APRA (Access to Public Records Act)

Uprise: You’ve talked about reforming APRA (Access to Public Records Act) to allow greater access to police records of misconduct.

Batista: New York state had this initiative over the summer, within a month of George Floyd being murdered they passed a law repealing what they called 50A, a provision in their state law that was an exception to the public record requirement for public safety investigations. One of the reasons police won’t release stuff, and this is what happened in the Sergeant Hanley case, is that cases under investigation are exempted. But when is that investigation ever over? We can’t just give you this blanket reason – that’s it’s under investigation – so you can hide the facts. The investigation ends at some point, and so therefore, does your exclusion.

In a perfect world, obviously, we could repeal whatever exception we have in our APRA law, because APRA is another tool to get more transparency. APRA is a separate thing from LEOBoR, and it could be reformed to get more access to public records.

We can’t fix what we don’t know is broken. And if all the complaints of police misconduct are tucked away in a folder somewhere, nobody is ever going to be able to change it.

Money vs. Ethics

Uprise: If, when the police are sued for $50k or $100k, it came out of the police budget instead of from out of the city coffers, do you think that might change police behavior?

Batista: That’s an interesting idea. I haven’t heard that before. Another idea, that comes across as radical but actually is not, is if we do away with qualified immunity, which is this really arcane, difficult thing to describe, but it’s this idea that you need to prove that the police knew what they were doing is illegal, and that’s hard to do. And when it comes to use of force, as long as the officer can reasonably maintain that they thought they were being assaulted in some way shape or form, they are free to counter that assault in any way they want.

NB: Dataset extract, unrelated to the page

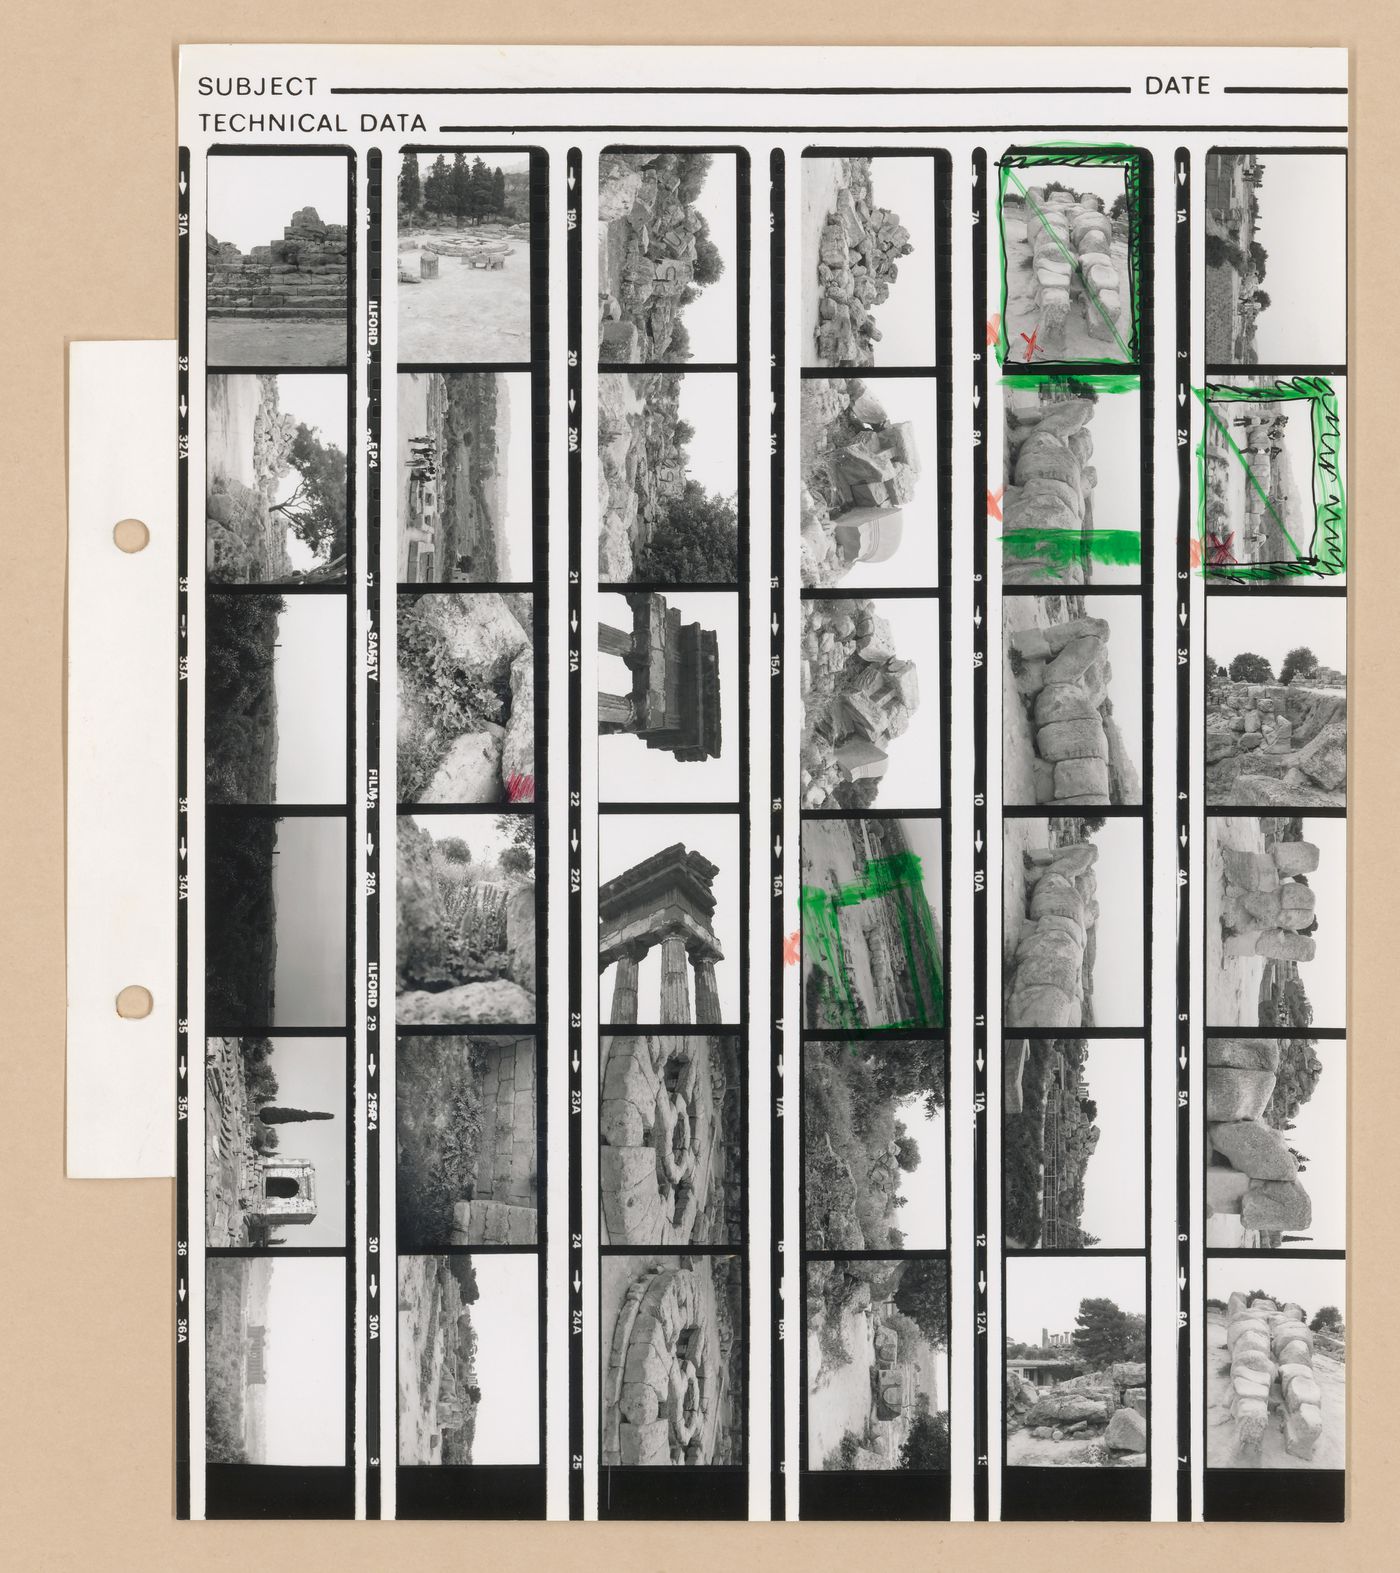 Contact sheet from photographic album, Turkey

So if we got rid of qualified immunity, the idea is that every police officer would have to buy insurance, the same way attorneys and doctors buy insurance, officers would be individually responsible for paying out the cost of anything they do. Getting that passed would require a gigantic amount of lobbying, but these are the sorts of systemic changes that we need.

Uprise: Dealing with the issues around police brutality could save the city a lot of money.

Batista: Mind you, all we think about is the financial cost, not the actual people cost. I think about this all the time, having been born and raised in South Providence As a public defender I represented dozens of people I knew growing up. And you can’t help but wonder how many of those kids, but for our system, would be attorneys, and not defendants.”

Uprise: I should apologize. Too often these issues are expressed in purely economic terms, and I sometimes fall victim to that. When I first started this job, years ago, I bristled when the economic case became more important than the ethics of an issue. But over time I’ve learned that convincing decision makers often requires a monetary incentive because some people don’t care about the moral imperative.

Batista: Sadly, I honestly feel that the default for every policy has to be financial. That drives me nuts and I have a back and forth relationship with it myself, because you want to be persuasive, get the bill passed, but if I talk about the money, and not the moral issue, I’m sweeping the moral issue under the rug. It’s a dilemma.

Uprise: The General Assembly has brought that on themselves because every bill requires a fiscal note.

Batista: I think I read about adding a racial statement to every bill.

Uprise: I like that! There should be a racial, ethical, environmental note added to every billl, because when we only consider the financial cost, we’re going to be losing out on good policy that has enormous impacts on wellbeing.